Having said all that....It would be fantastic if you could make it work. But it will be harder than you might think.


----------



## Hollowdweller (May 5, 2011)

I had some friends who had a dairy. They sold organic goat cheese all over the East Coast. They are retired now but IIRC correctly, despite being very successful they did not earn as much as the wife earned as a teacher in a very rural county and they put in about 60 hours each.:thumbup:


----------



## kccjer (Jan 27, 2012)

Some other thoughts....do you have a separate income for your family? (can't remember if you're married or not or get retirement, etc) Can you LIVE on that single income? You need to figure at least 2 years before seeing any kind of profit after starting. 

You will need to figure out a minimum production for each doe that will give you a break even point....and that needs to be at the low point of lactation! Any doe that does not produce that minimum will need to be culled regardless of pet status. 

You will need to kid at least 3 times, if not 4, per year in order to have a maximum quantity of milk available at all times. 

Can you store bulk feed? You will most likely need to buy feed in bulk in order to minimize the cost cut that cost margin down.


----------



## ariella42 (May 22, 2014)

If that's your dream, go for it, but make sure you go in with eyes wide open. I know a couple who quit their jobs as RNs relatively late in life to start a goat dairy. They spent a significant amount of money starting it with the costs of construction, licenses, goats, etc., but they were able to get some funding from local grants since they're fairly unique in the area. They only have 6 acres and they make it work. They sell artisanal goat cheese in local markets and sell the rest of the milk to a larger dairy for processing and selling. They make far, far less than they did as RNs and work 10-12 hours a day, everyday. As a small, independent producer, they have to do all of their own milking, cheese production, herd management, marketing, sales, bookkeeping, etc. However, that was their dream, and they're happy with it.

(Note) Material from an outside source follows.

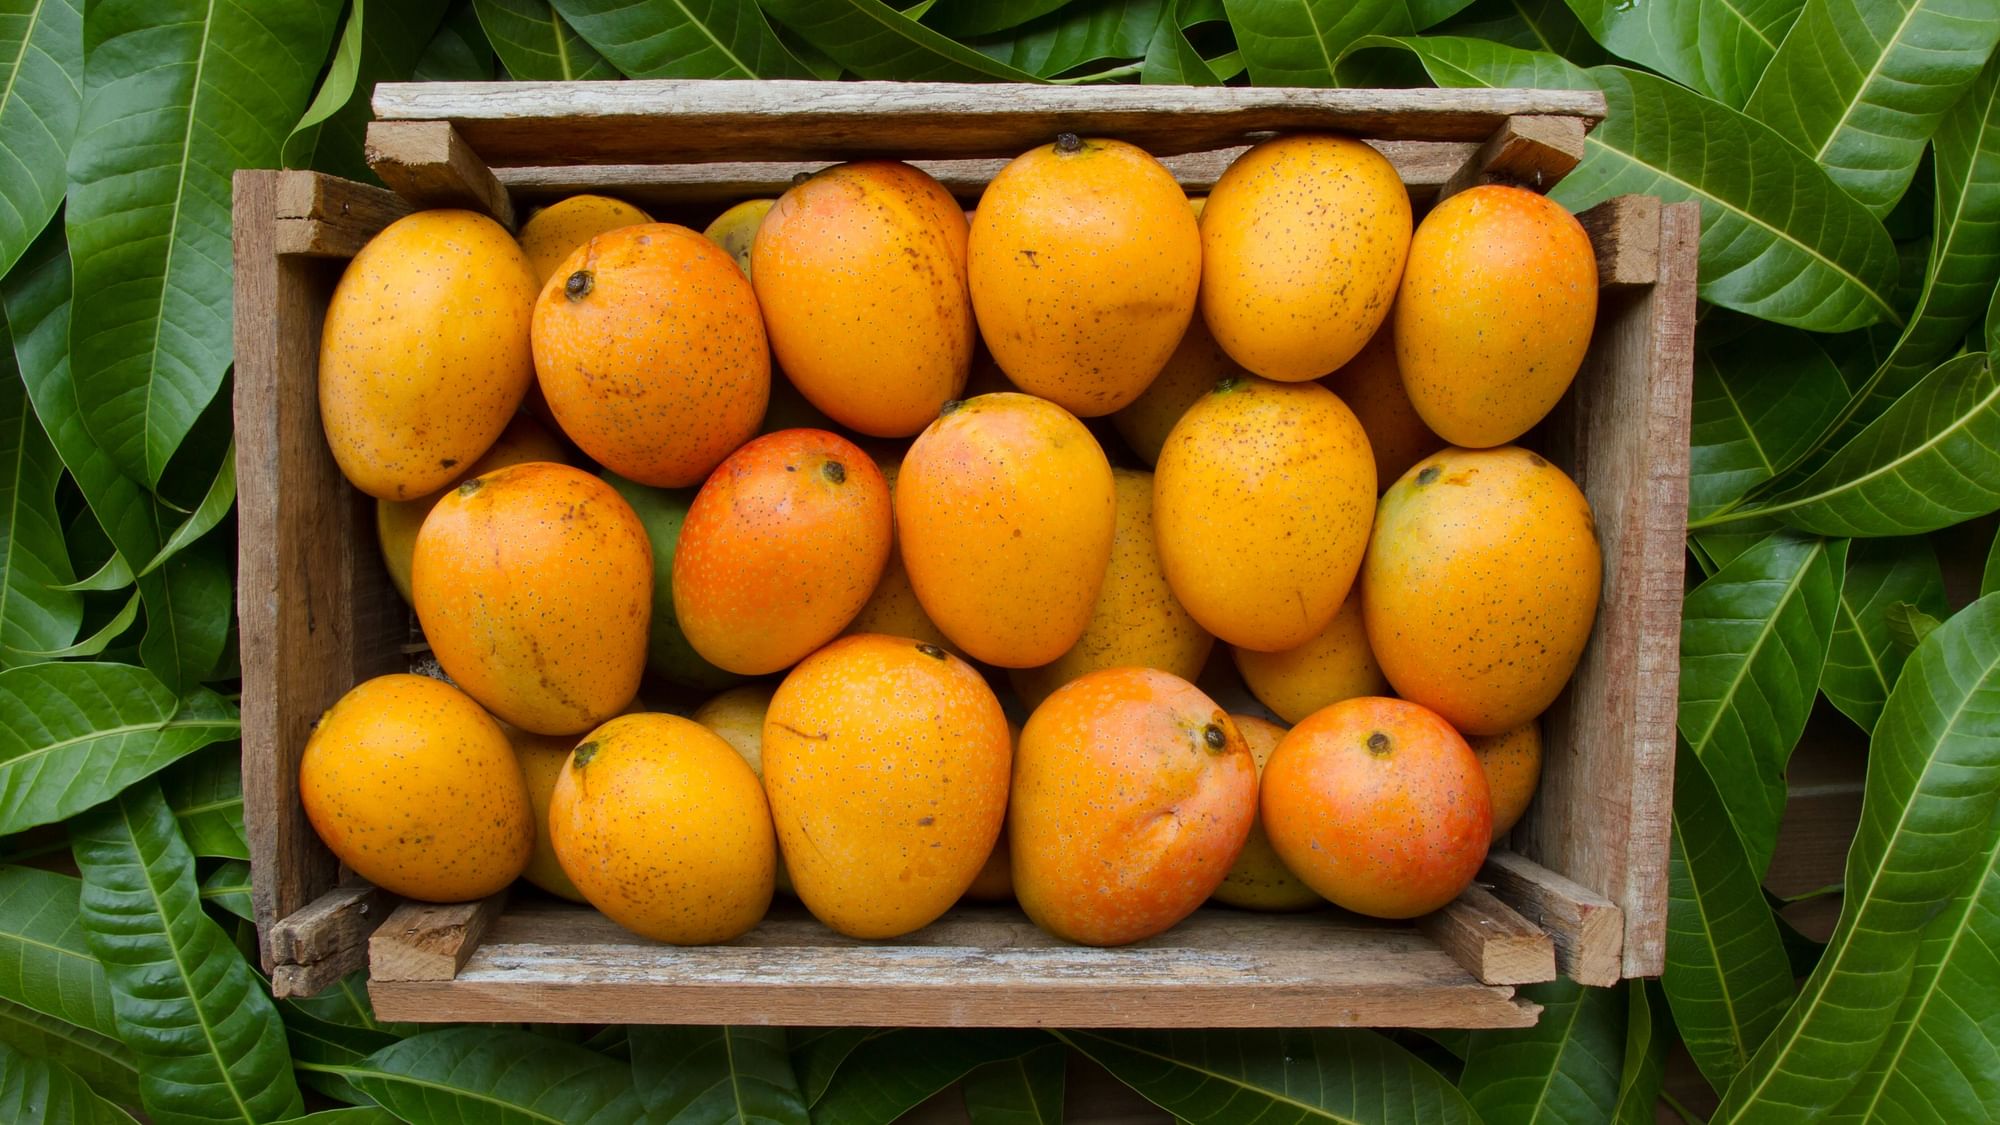 <div class="paragraphs"><p>Mango recipes: Mangalore, Kerala, Benares mango recipes.&nbsp;</p></div>

If you're serious about it, you need to go in with a concrete business plan. Find out what your local market looks like and figure out who, what, where, and how much. Run the numbers, not just of start-up costs, but also of production costs, insurance costs, and overhead (water, power, taxes, etc.). I don't know if doing just milk in your market will make sense with a small herd (it doesn't really around here), so you might want to look at cheeses as well, if that's something you're interested in and comfortable with. Look at all of the requirements to sell dairy products in your state, plus USDA requirements if you might end up selling products in neighboring states (anytime you cross a border to sell something, it's interstate commerce and governed by federal law). The USDA allows grade B dairies to produce manufactured dairy products like cheese, but not drinking milk for consumers. However, getting a grade b dairy license is easier and less expensive if it looks like cheese and/or butter might be a better income stream. You should also think about exactly how and where you want to market your products.


----------



## janeen128 (Dec 31, 2012)

WOW!! A lot of good advice here Goathiker it would be tempting to move to Oregon. I know people are trying to get the same law passed here, but most likely it won't happen... Weird thing is I could probably make a whole lot of money if I grew pot, yeah such is life in WA state... Most likely I will be doing both milk & meat, but I would rather just sell to the Russian/Ukrainian community who seems to knock down my doors for milk... (One case was darn right scary, and the police and a restraining order was involved...) I do have a food storage shed, I am single although I know my sisters want to get in on this too. I think it's partly because they don't want to see condos on this place, I don't either... I think that's why one of my sisters wants to get into Christmas trees, and blueberries, and not just rely on eggs and milk.. I won't be thrilled with the hours LOL, but who knows what could happen.. I know it's not going to be easy... If I choose to keep a few pets, they will be for brush clearing in the spring/summer months, which is huge here. I am probably going to start that side of things as soon as I can get insurance for it...Realistically not sure about the dairy really, but I'll keep researching, praying, and we'll see what happens


----------



## Greybird (May 14, 2014)

Yipes! Wall of text warning! Sorry ..

The man who sold me my Alpine goats runs a small-scale dairy here in WA 
( https://www.facebook.com/pages/Steamboat-Island-Goat-Farm/131510473584909 ) and, while my husband and I were talking to him, one of the things that he happened to mention, while he was helping us prepare to bottle-feed our 4 new babies, was that he no longer sold goat milk for human consumption. 
I wasn't paying very close attention, but the impression I got was that there was a lot of bureaucratic rigmarole involved, and that he was tired of dealing with it since the financial reward was so small. He had had loyal local clients who bought his milk, but alas - not enough of them to pay the bills. 
He switched over to making artisan goat cheese and selling it primarily at the Olympia Co-op. I believe he also sells it at some other places, but that was the one place where he said that he could always be found. He was, I believe, still working to acquire brand recognition, but he had already done very well in some local reviews.
I don't know how well he does with that system, and I haven't spoken with him since last April, but his dairy and the surrounding area is well-maintained and gorgeous. I have no idea how much land it covers but it looks like it's been there for quite a while, like maybe it was land that was already in the family? (Just guessing.)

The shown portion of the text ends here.